I will confess it isn’t my type of movie to begin with — a Sci Fi movie with a lot of action moving the plot along. The sun is being eaten away by some mysterious microbe and someone has to go on a suicide mission to figure out why. Will they make it on time? So even though I wouldn’t normally go to this type of movie, I saw some potential there.

The main problem I have is there just isn’t enough plot and/or action to keep this movie going for the 2 and 1/2 hours plus running time of the movie. But what are directors (there are two of them — Phil Lord and Christoper Miller) to do when they have all this fabulous technology that can recreate outer space? They show it with way too many minutes of blaring choral music of Grace looking with awe. I get it. Yes, it is awesome but repetition makes it a little less so. It began to bore me after about the mid-point of the movie.

This boredom lead to me picking apart the plot. Most movies depend on suspending a certain amount of disbelief. A movie about spacecraft in outer space and meeting with aliens then would require much more than the normal movie. Keep the damn thing moving or else you will lose your audience. So, as I was plodding through these beautiful shots of space, I used this time to find plot holes.

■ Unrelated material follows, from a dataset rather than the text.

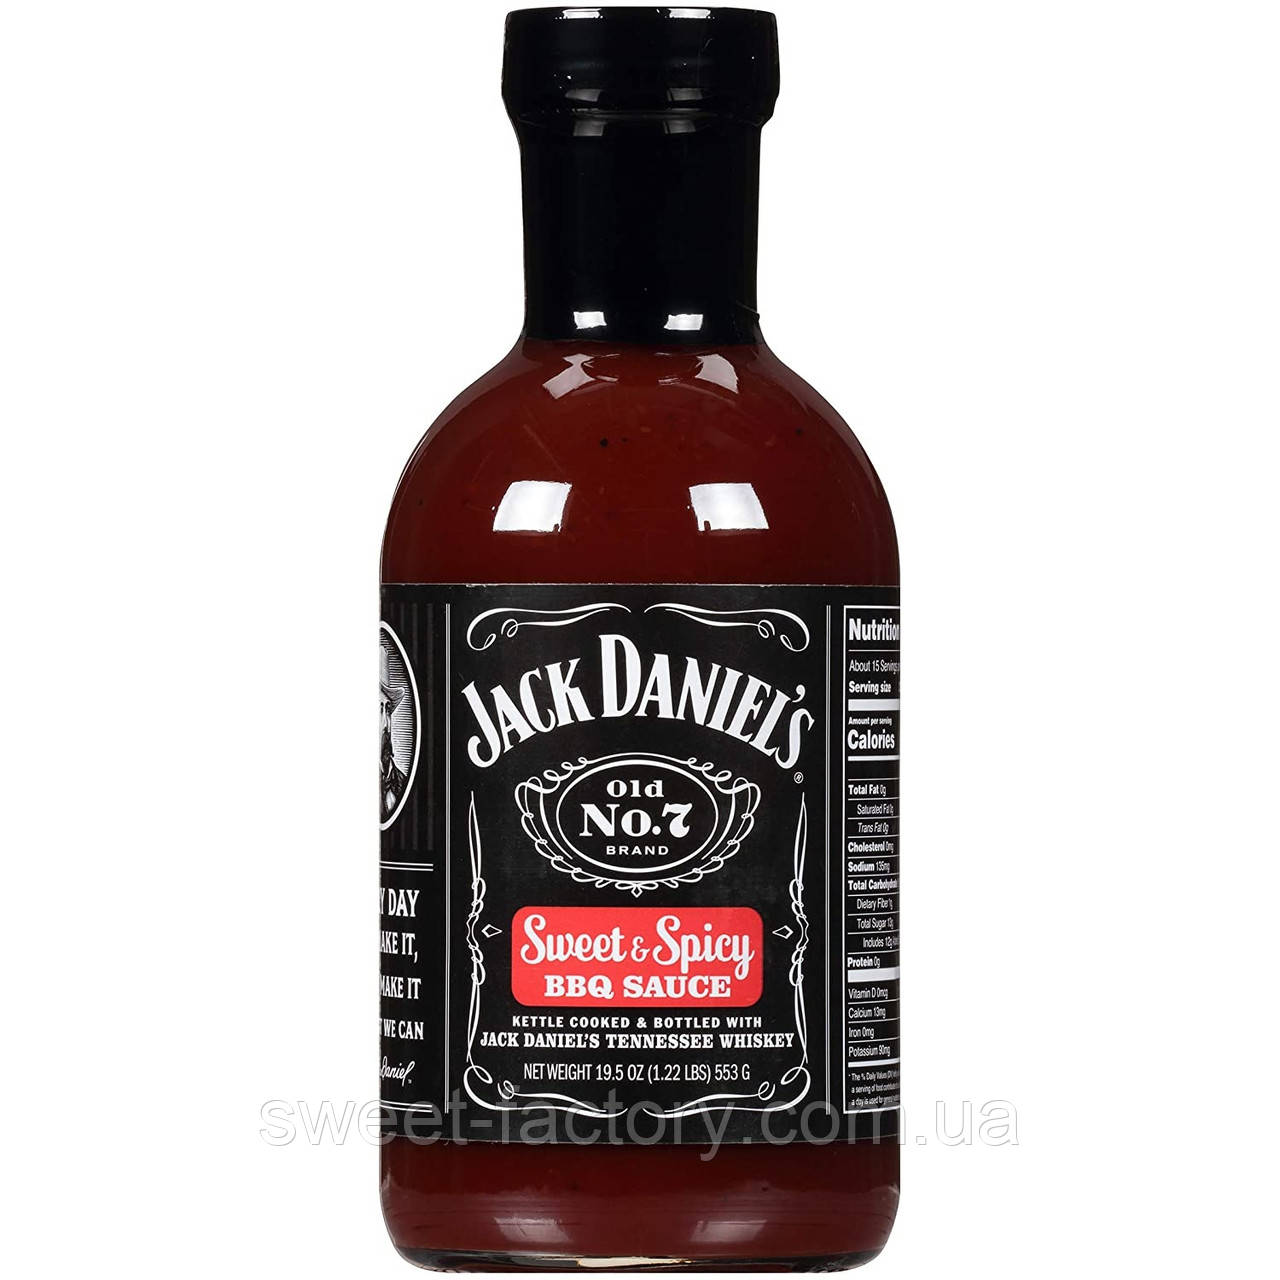 Соус Jack Daniel's Sweet & Spicy BBQ sauce 473ml

Like how the hell was Rocky (the alien our lead character, Grace, encounters in his trip) is Grace going to reconnect with Rocky in the vast expanse of space when they have no communication after Grace departs for earth. Or, given the time needed to save the earth and the time Grace needs to get where he needs to go and his own inability to make it back, how is their enough time for him to save Earth. There was a very short time frame to work with.

Now normally these are not big issues in a movie that is moving along because you are paying attention to what is happening on screen but it is the death knell for movies when you start thinking about them in the middle of the movie you are watching because it means you are no longer watching the movie.

So while Project Hail Mary is in no way a bad movie, it just isn’t a great movie either.